2.2.6 Usability Measures and Prioritizing Problems
2.2.6.1 Usability measure
Prior to conducting a usability test, testers should be aware of what to test and measure. There are three major ISO standards for measuring usability, which are efficiency, effectiveness and user satisfaction, but this model has been criticized because it is too abstract [2] . In the meantime, McCall's model [2] broke down usability into three criteria: Operability, training and effectiveness. Nevertheless, there remains the difficulty of applying usability standards to a system and deciding exactly how to measure the usability of a particular application.
Hornbaek [21] reviewed current practice in how usability is measured and how problems are related to usability measurements. His review included 180 studies published in core HCI journals and proceedings. He eventually came up with the finding that some studies are weakened in measuring usability because of the difficulties in choosing how to measure a system's usability, what elements should be measured and which ways are the most appropriate to measure it. He described usability measures individually such as effectiveness, efficiency and satisfaction. Effectiveness measures can be worked out through measuring binary task completion, accuracy, completeness, quality of outcome and other factors. Efficiency can be measured through measuring input rates, task completion time, mental effort, learning time, use frequency and other factors. He also summarized satisfaction measures including standard questionnaires, preferences, satisfaction with the interface and others. However, the review was based on a broad usability conception, and it neither described nor suggested what to measure for specific systems such as web-based systems, although the study did conclude that there is a need for more valid and complete usability measures. However, Sauro and Kindlund [22] proposed a method for standardizing usability metrics into a single usability metric. These tests propose a quantitative model for usability [Figure 2]. They show that the usability aspects are correlated and equally weighted.
Nielsen [23] recommended using a simplified usability measure, success rate, which he defined as the percentage of tasks that users complete successfully. It divides task completion into three groups: Success, partial and fail [23] . How to choose and which to select as usability measures is a difficult task, especially so as recent studies have offered more than 54 usability measures [24] . However, this also affirms the importance of studying the relationships between usability measures, besides what to measure for Internet websites and how. However, recent research seems to combine usability measures [21] .
2.2.6.2 Prioritizing problems
Prior to judging a problem, a definition of the usability problem should be identified. Each issue that prevents or thwarts users from completing a task can be defined as a usability issue. For example, a hidden log-in link, visual noise, a dead end or an invisible button [25] . In this regard, a severity assessment then takes place after collating all the data needed for analysis. Three factors play vital roles in prioritizing usability problems and in judging their severity. These factors are: Impact, which refers to the amount of trouble a problem makes for the users; persistence, which indicates how many times a problem is encountered by the users and the third factor is frequency, which means the number of users who face a problem [26] .

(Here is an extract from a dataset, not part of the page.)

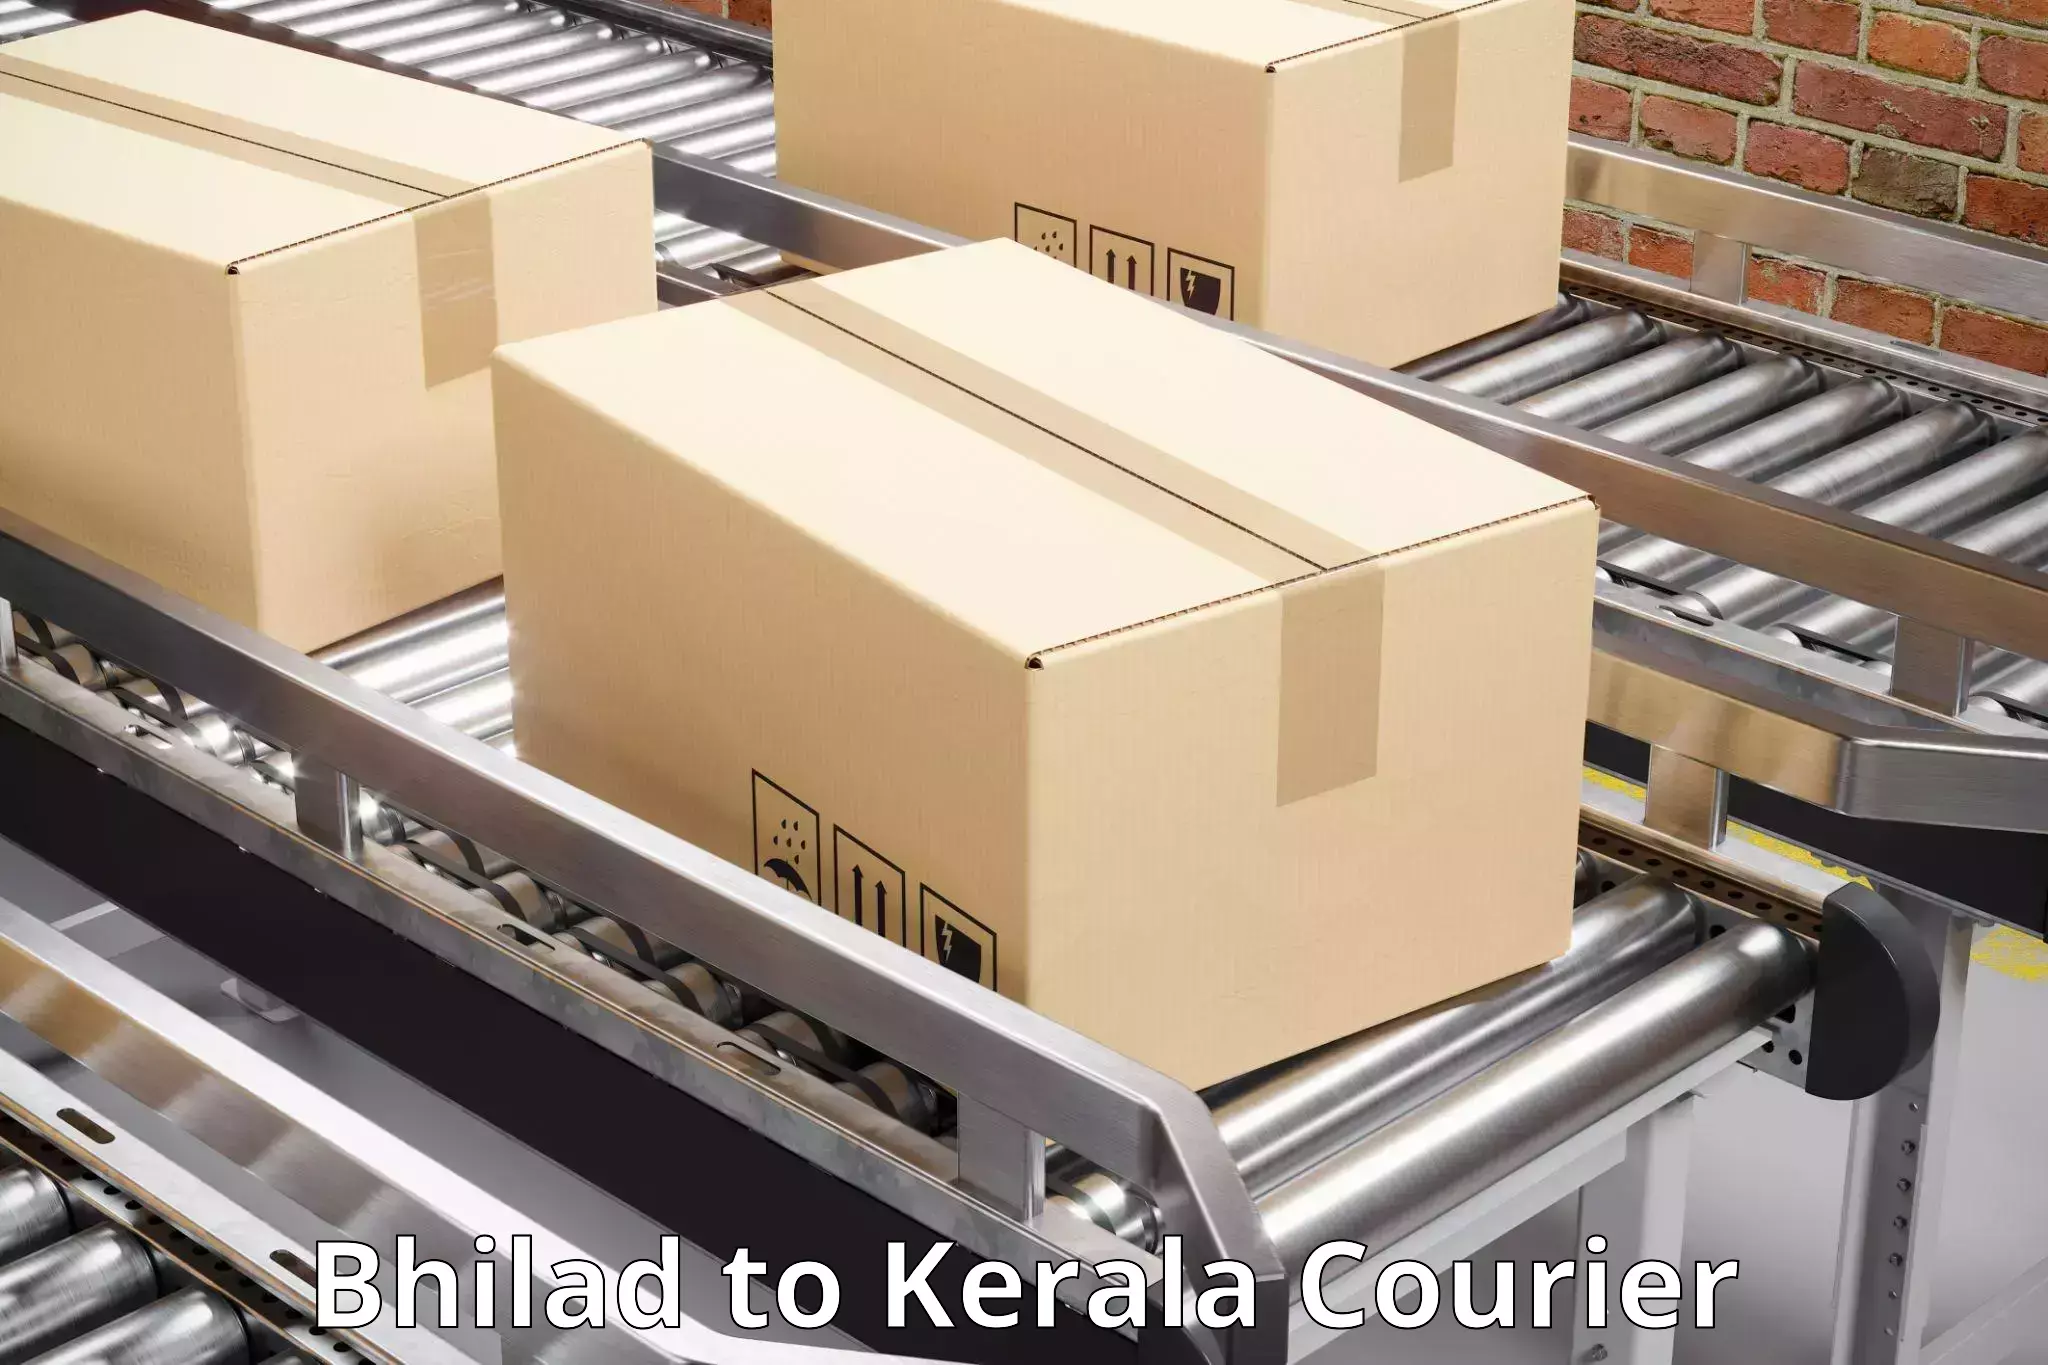 Courier service booking Bhilad to Perumbavoor

2.2.7 Other Usability Testing Issues
Hornbaek and Stage [24] discussed four challenges that can improve the interaction between usability evaluation and the design stage. The first challenge is related to whether the software type is a prototype or a running system. They stated that prototype systems may misrepresent real systems' functionality. The second challenge is that insufficient effort is usually allocated to describing or choosing tasks. The third challenge is that of usability problem reports. The fourth challenge is that usability problem reports neither recommend nor suggest problem priority or severity.

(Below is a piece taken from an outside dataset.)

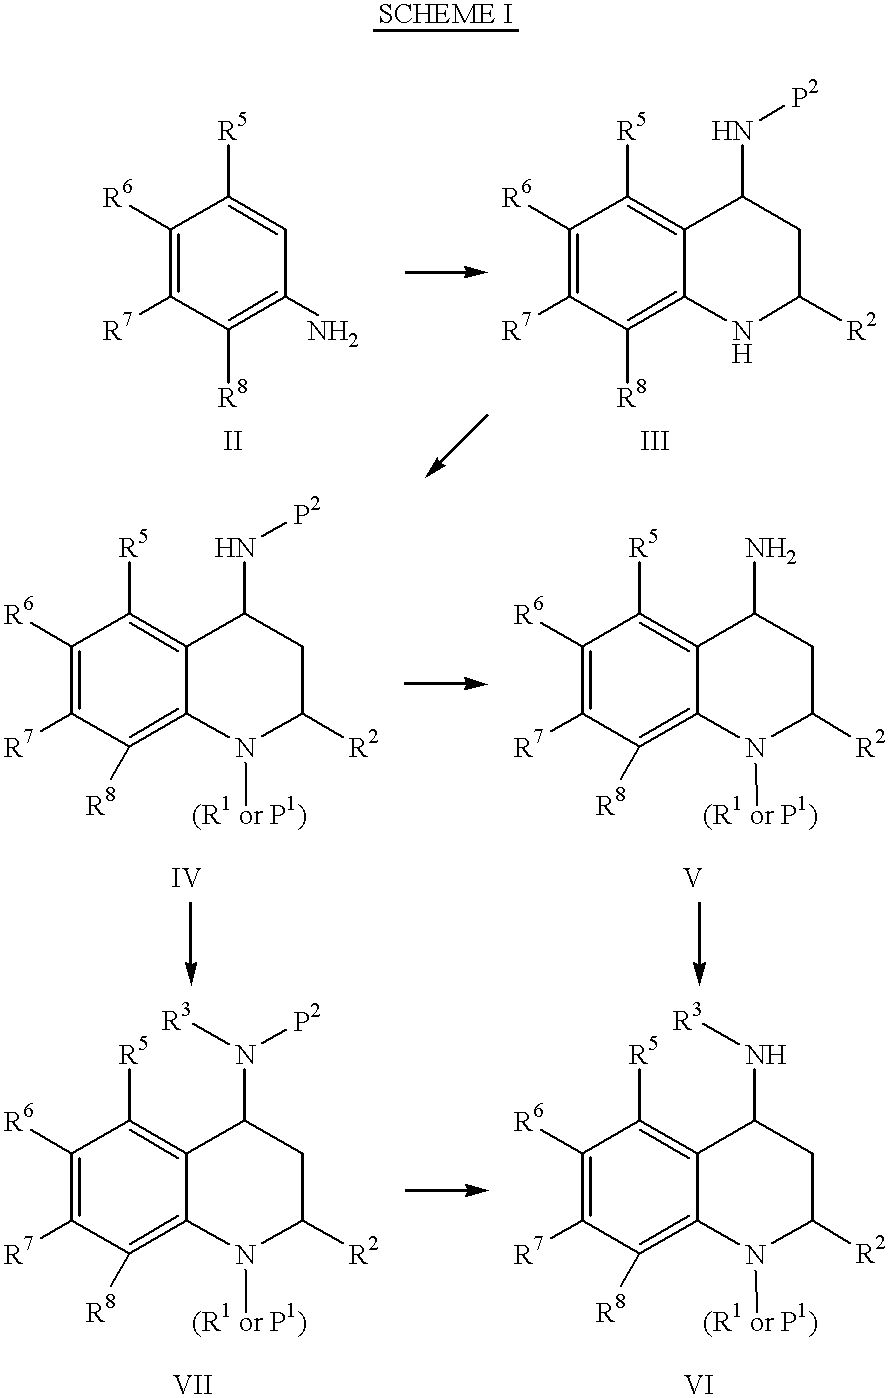 4-carboxyamino-2-substituted-1,2,3,4-tetrahydroquinolines
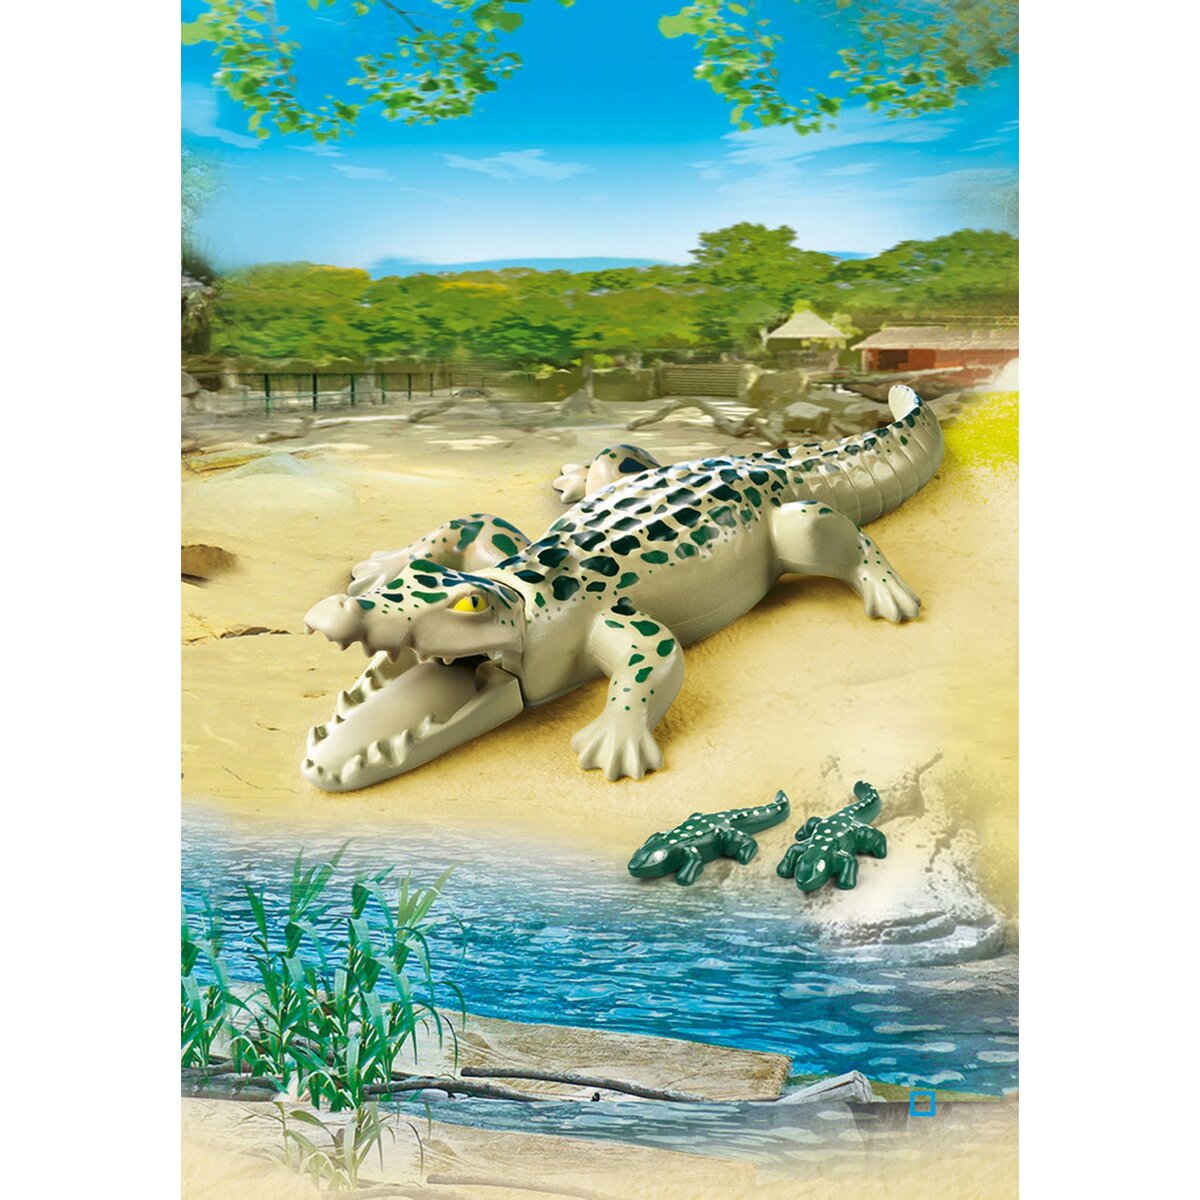 PLAYMOBIL 6644 - Alligator avec bébés

| 3.Web Usability Testing | | |
Lucca and Fasolino [27] reported that testing web usability appears to be more difficult than testing traditional systems. This is for two main reasons; the first is that web users are located all over the world but they access it concurrently, and secondly, different types of hardware and software are used in order to access the web [27] . The usability of web-based systems has a great impact on these users on a daily basis. Users are unlikely to revisit a website, if they encounter difficulties in using the system, in particular, where alternative websites are available [28] . Fifty percent of potential sales were lost because of poor web-based systems usability, and difficulty of use was the reason given for the failure of 40% of shop transactions, according to [29] . Therefore, the usability of web-based systems is critical in determining the success of those systems. Many organizations have now realized the importance of website usability after having ignored it because they did not have website usability objective criteria [28] . Levi and Conrad [30] pointed out a fundamental challenge, which is how to recognize a website's limitations prior to releasing it; this could reduce maintenance costs.
Dicks raised four different aspects as the main limitations of usability testing; the first is that testing is always an artificial situation, which lacks realistic circumstances; the second is the inability of the test results to verify that a system works; the third is that participants do not fully represent the targeted website audiences; and the fourth is that testing is not always the best technique to apply [31] .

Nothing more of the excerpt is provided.